What has Terence Conran ever done for us? You know, other than introduce duvets and sofas and garlic presses, coffee pots and pasta makers? And, apart from bringing good industrial design into every home and creating a template for other modern design practices in Britain? Well, in addition to co-founding the Design Museum (originally known as the Boilerhouse at the V&A before Conran bought up the 13 acres around Butler’s Wharf in 1989), he is now helping move it to new digs at the Commonwealth Institute by 2014 – to the tune of around £17 million in ongoing donations.

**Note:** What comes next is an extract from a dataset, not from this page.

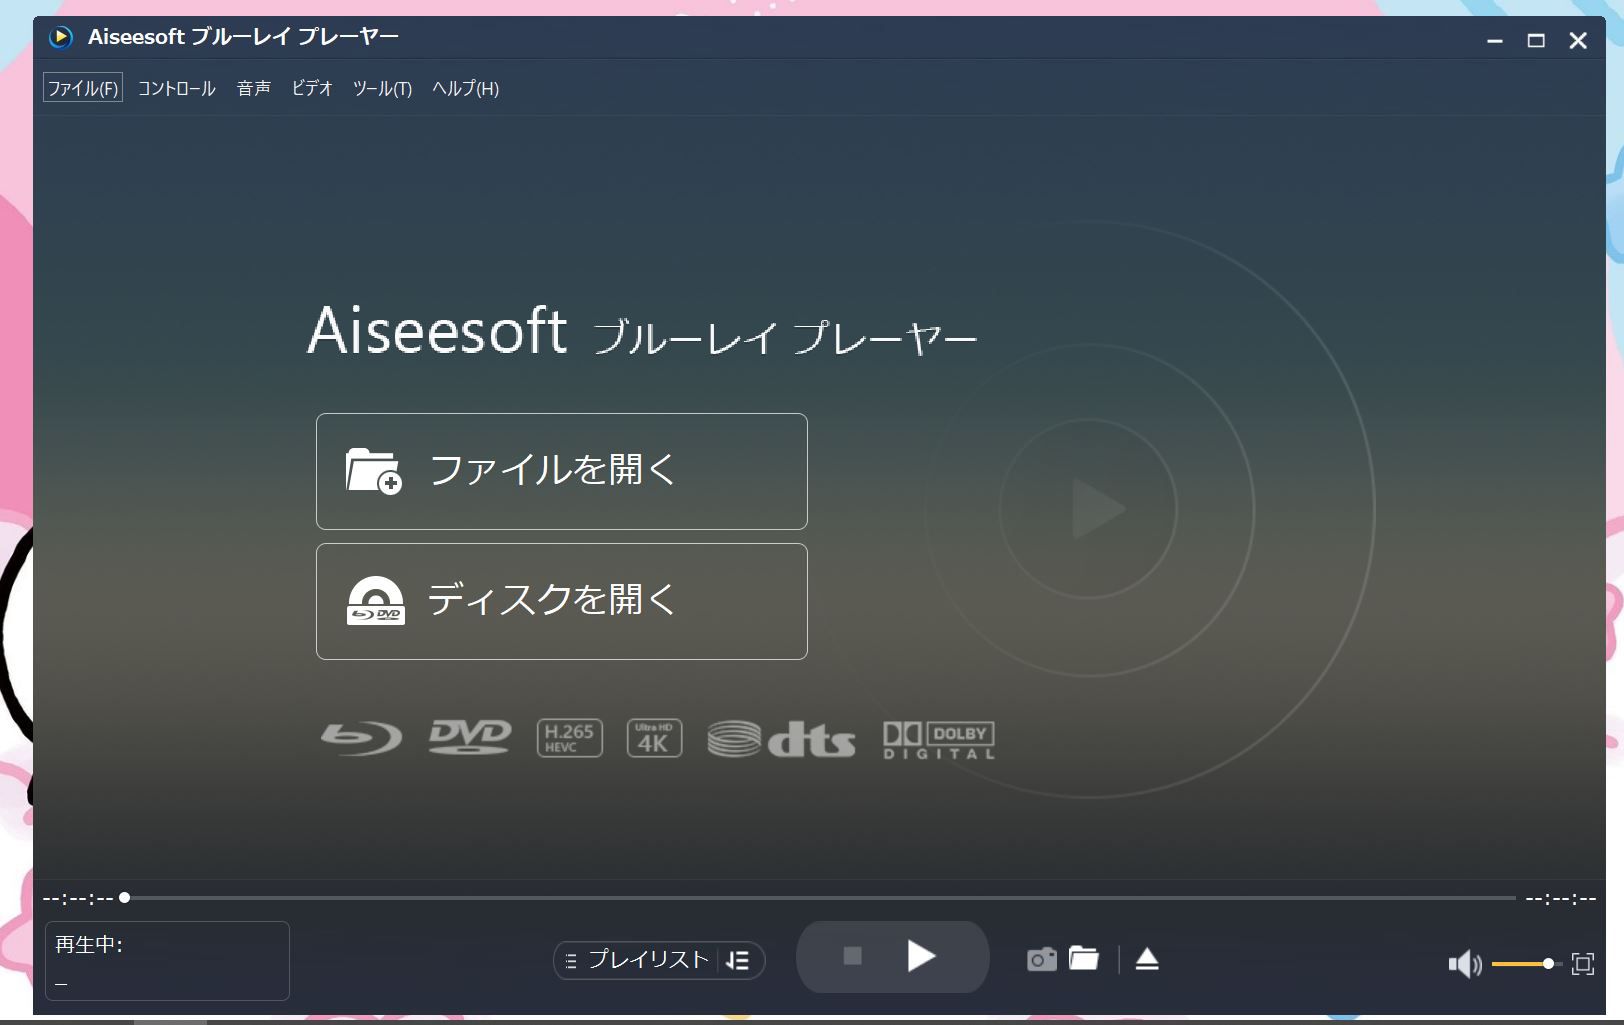 Aiseesoft Blu-ray Playerの起動画面

So, the Design Museum, at least, has a lot to be thankful for and is honouring Conran’s 80th birthday with a retrospective of sorts. I say ‘of sorts’ because it isn’t easy to encapsulate his various guises of businessman, design entrepreneur and restaurateur all under one roof – let’s just call it Conrania.

His early steps as a young metalworker in the 1950s resulted in an elegant, basket-weave ‘Cone’ chair, while diffusion lines of Midwinter pottery and Festival of Britain-style textiles showed a growing versatility, as well as an eye for form. None of this bucolic tinkering prepares you for the leaps in ambition that saw Conran quickly elbowing his way to set up his own factory and then a first Habitat store in 1964, on the Fulham Road.

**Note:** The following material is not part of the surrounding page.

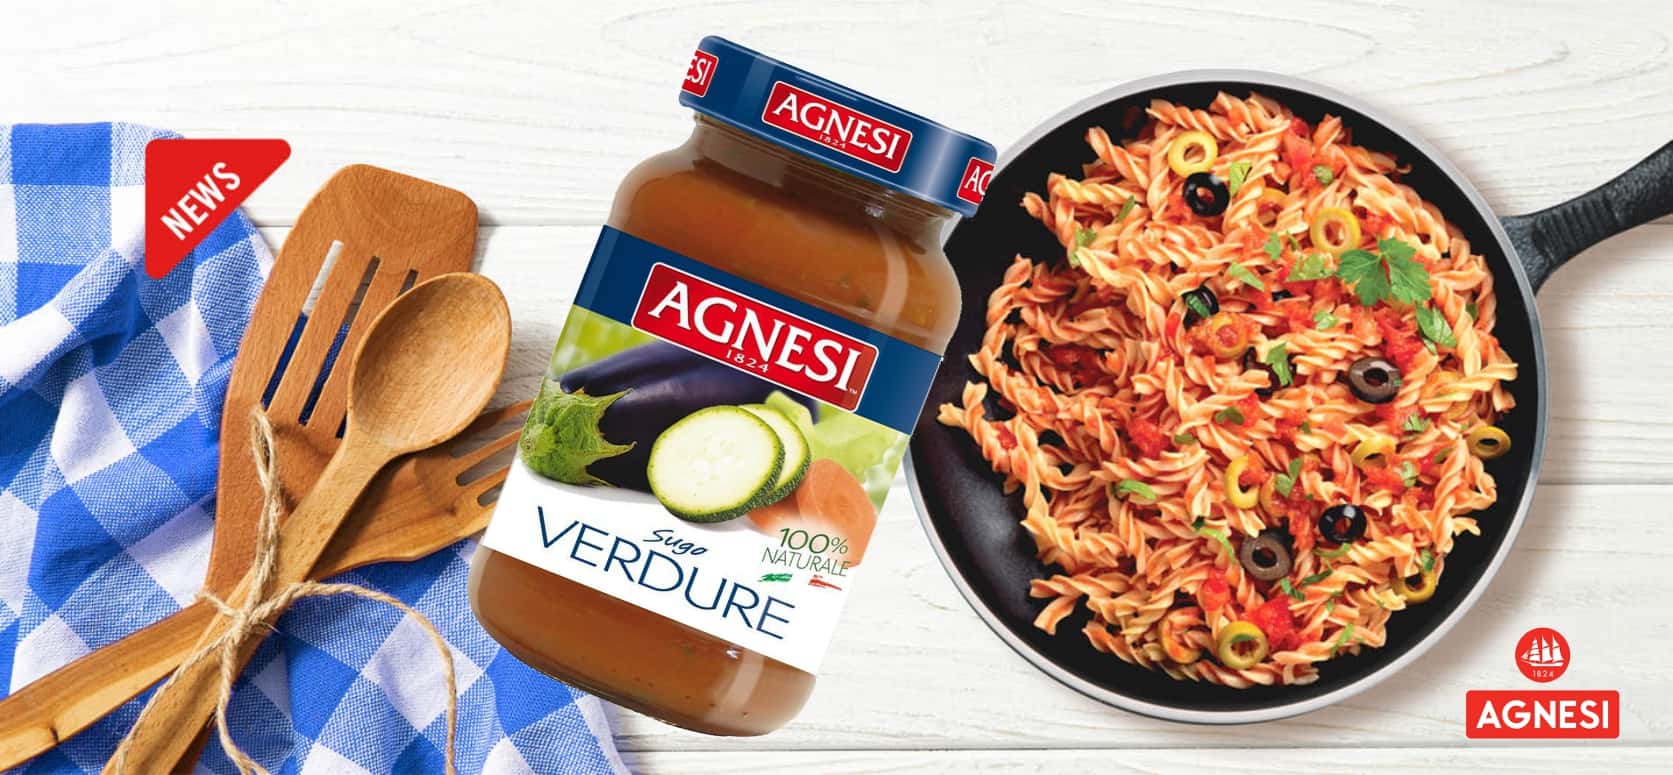 Agnesi義大利蕃茄鮮蔬麵醬 Agnesi Verdure 400g

Although a cosy, retro furniture outlet to begin with – stocked with countrified kitchen utensils and rocking chairs – Habitat soon morphed into a watchword for modern living and Conran himself became the design phenomenon of the era, with hundreds in his employ. Then there were all the high-end haute dining experiences of Le Pont de la Tour, Bibendum and most recently, Albion, here displayed with their place settings and cutlery – although fittingly there’s no Quaglino’s ashtray, presumably because they were so prized as illicit, take-home trophies.

However, we have more than one reason not to be so cheerful for the Conran legacy. Arguably there wouldn’t be cafes shoehorned into every single department store without his example, while Conran also gave us catalogue shopping, flat pack furniture to a certain extent and, by bastardised proxy, the dreaded Ikea (which ironically bought the ailing Habitat from him in 1992). There is a certain vanilla blandness to Conran’s aesthetic too, although the upside of this unfussiness is that he continues to produce well-made, and tastefully inoffensive furniture even now through the Conran Shop, none of which is to be sniffed at. Alright, alright, apart from all that, then?